Illustration of EM for PCA when $D = 2$ and $L = 1$. Green stars are the original data points, black circles are their reconstructions. The weight vector w is represented by blue line. (a) We start with a random initial guess of w. The E step is represented by the orthogonal projections. (b) We update the rod w in the M step, keeping the projections onto the rod (black circles) fixed. (c) Another E step. The black circles can ’slide’ along the rod, but the rod stays fixed. (d) Another M step

## Advantages of EM over eigen-vector methods

* EM can be faster. In particular, assuming $N$, $D \gg L$, the dominant cost of EM is the projection operation in the E step, so the overall time is $O(T L N D)$, where $T$ is the number of iterations.

* EM can be implemented in an online fashion, i.e., we can update our estimate of $W$ as the data streams in.

* EM can handle missing data in a simple way.

* EM can be extended to handle mixtures of PPCA/ FA models.

* EM can be modified to variational EM or to variational Bayes EM to fit more complex models.

## ICA

* Consider the following situation. You are in a crowded room and many people are speaking. Your ears essentially act as two microphones, which are listening to a linear combination of the different speech signals in the room. Your goal is to deconvolve the mixed signals into their constituent parts.
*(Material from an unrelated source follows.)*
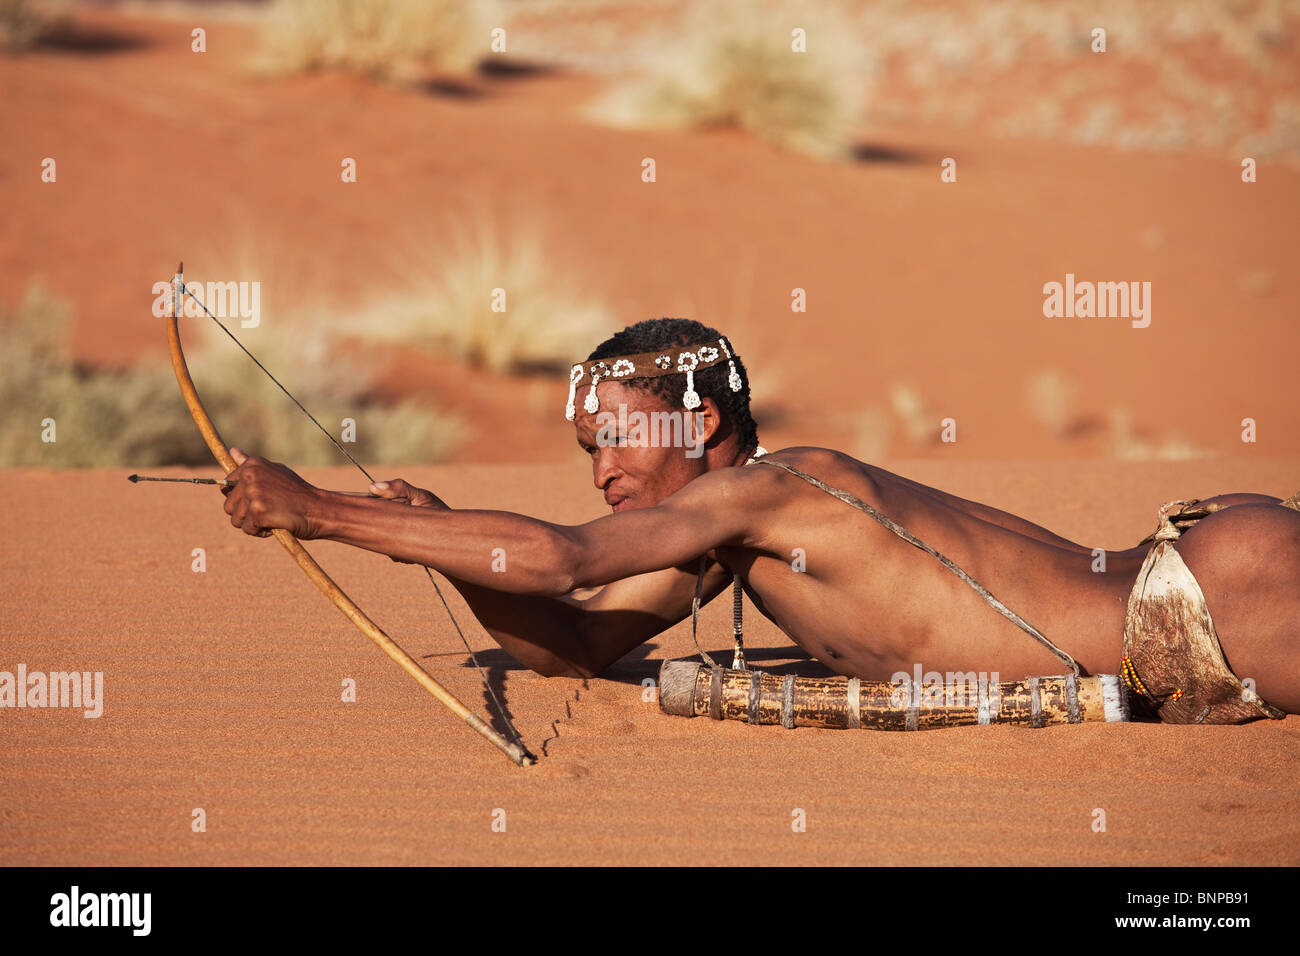 Bushman/pueblo San. San macho cazador armado con arco y flechas tradicionales. Foto de stock

This is known as the cocktail party problem, and is an example of blind signal separation (BSS), or blind source separation, where “blind” means we know “nothing” about the source of the signals. 


* Applications 
    * acoustic signal processing
    * analysing EEG and MEG signals
    * financial data,
    * any other dataset (not necessarily temporal) where latent sources or factors get mixed together in a linear way.

## FastICA

* An approximate Newton method for fitting ICA models.

* Assume all source distributions are known and are the same, so we can just write $G(z) = − log p(z)$. Let $g(z) = \frac {d}{dz} G(z)$. The constrained objective, and its gradient and Hessian are given by:

$$\begin{align}
 & f(v) = \mathbb{E}[G(v^Tx)] + \lambda (1-v^T v) \\
 & \nabla f(v) = \mathbb{E}[xg(v^Tx)] -\beta v \\
 & H(v) = \mathbb{E} [xx^T g'(v^T x)]- \beta I 
\end{align}
$$

where $ \beta = 2 \lambda$ is lagrange multiplier. 
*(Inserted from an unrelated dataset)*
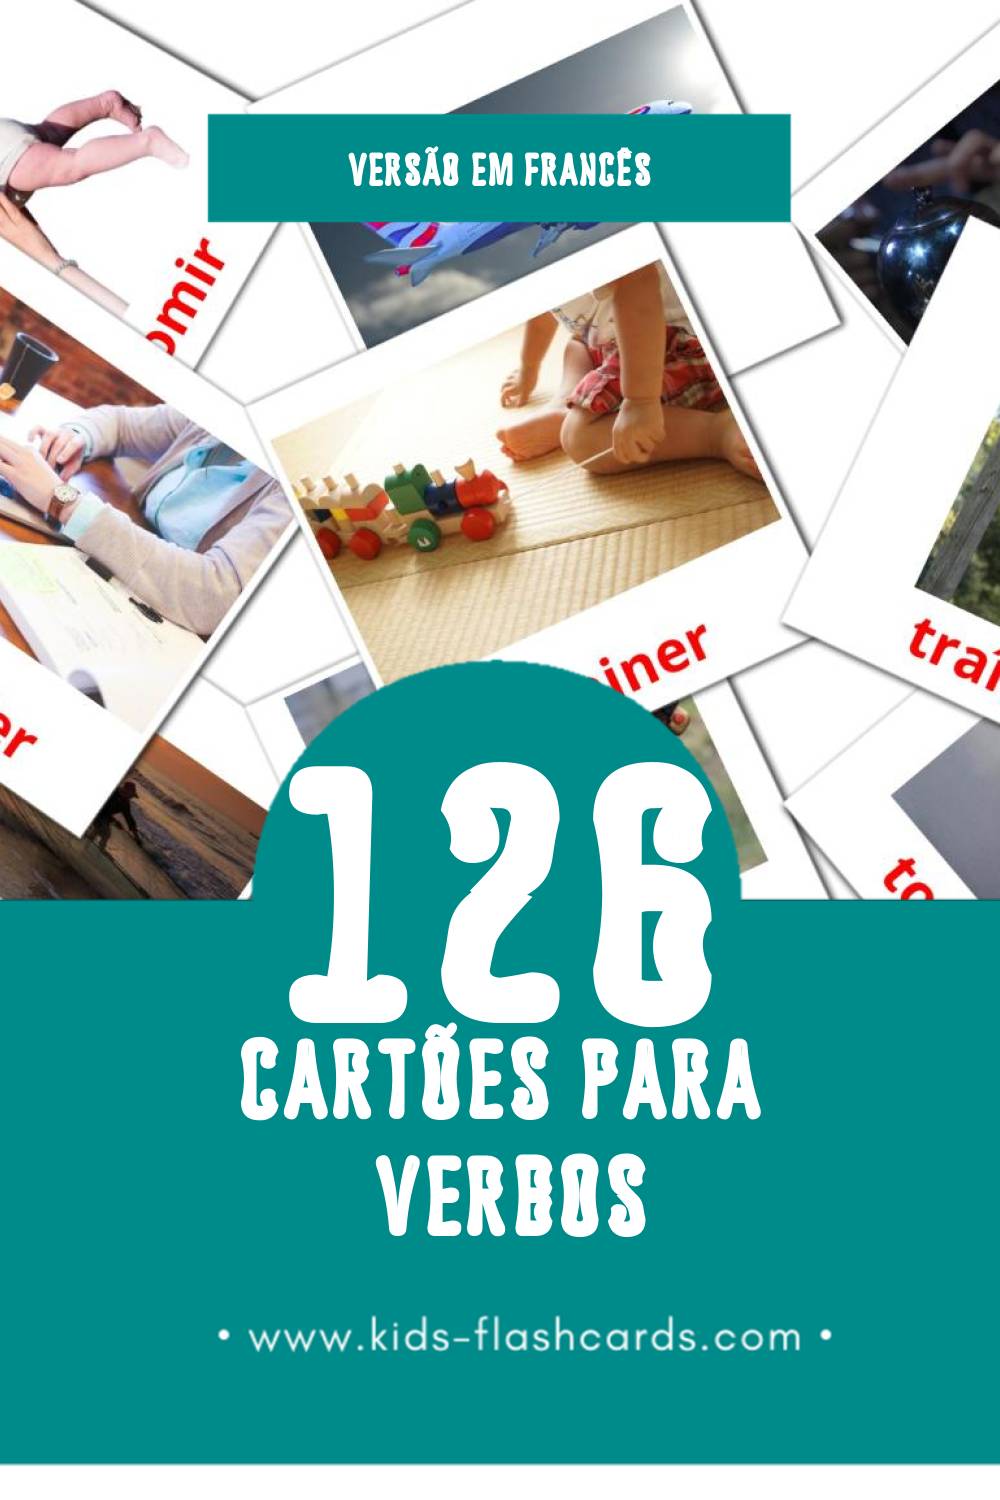 Flashcards de Les Verbes Visuais para Toddlers (126 cartões em Francês)

* Let us make the approximation

$$ \mathbb{E} [xx^T g'(v^T x)]  \approx \mathbb{E}[xx^T] \mathbb{E}[g'(v^T x)] = \mathbb{E}['g'(v^T x)] $$

* This makes the Hessian very easy to invert, giving rise to the following Newton update:

$$ v^* := v - \frac {\mathbb{E}[xg(v^Tx)] - \beta v}{\mathbb{E}[xg'(v^Tx)] - \beta} $$

* $$ v^{new} := \frac{v*}{|| v* ||}$$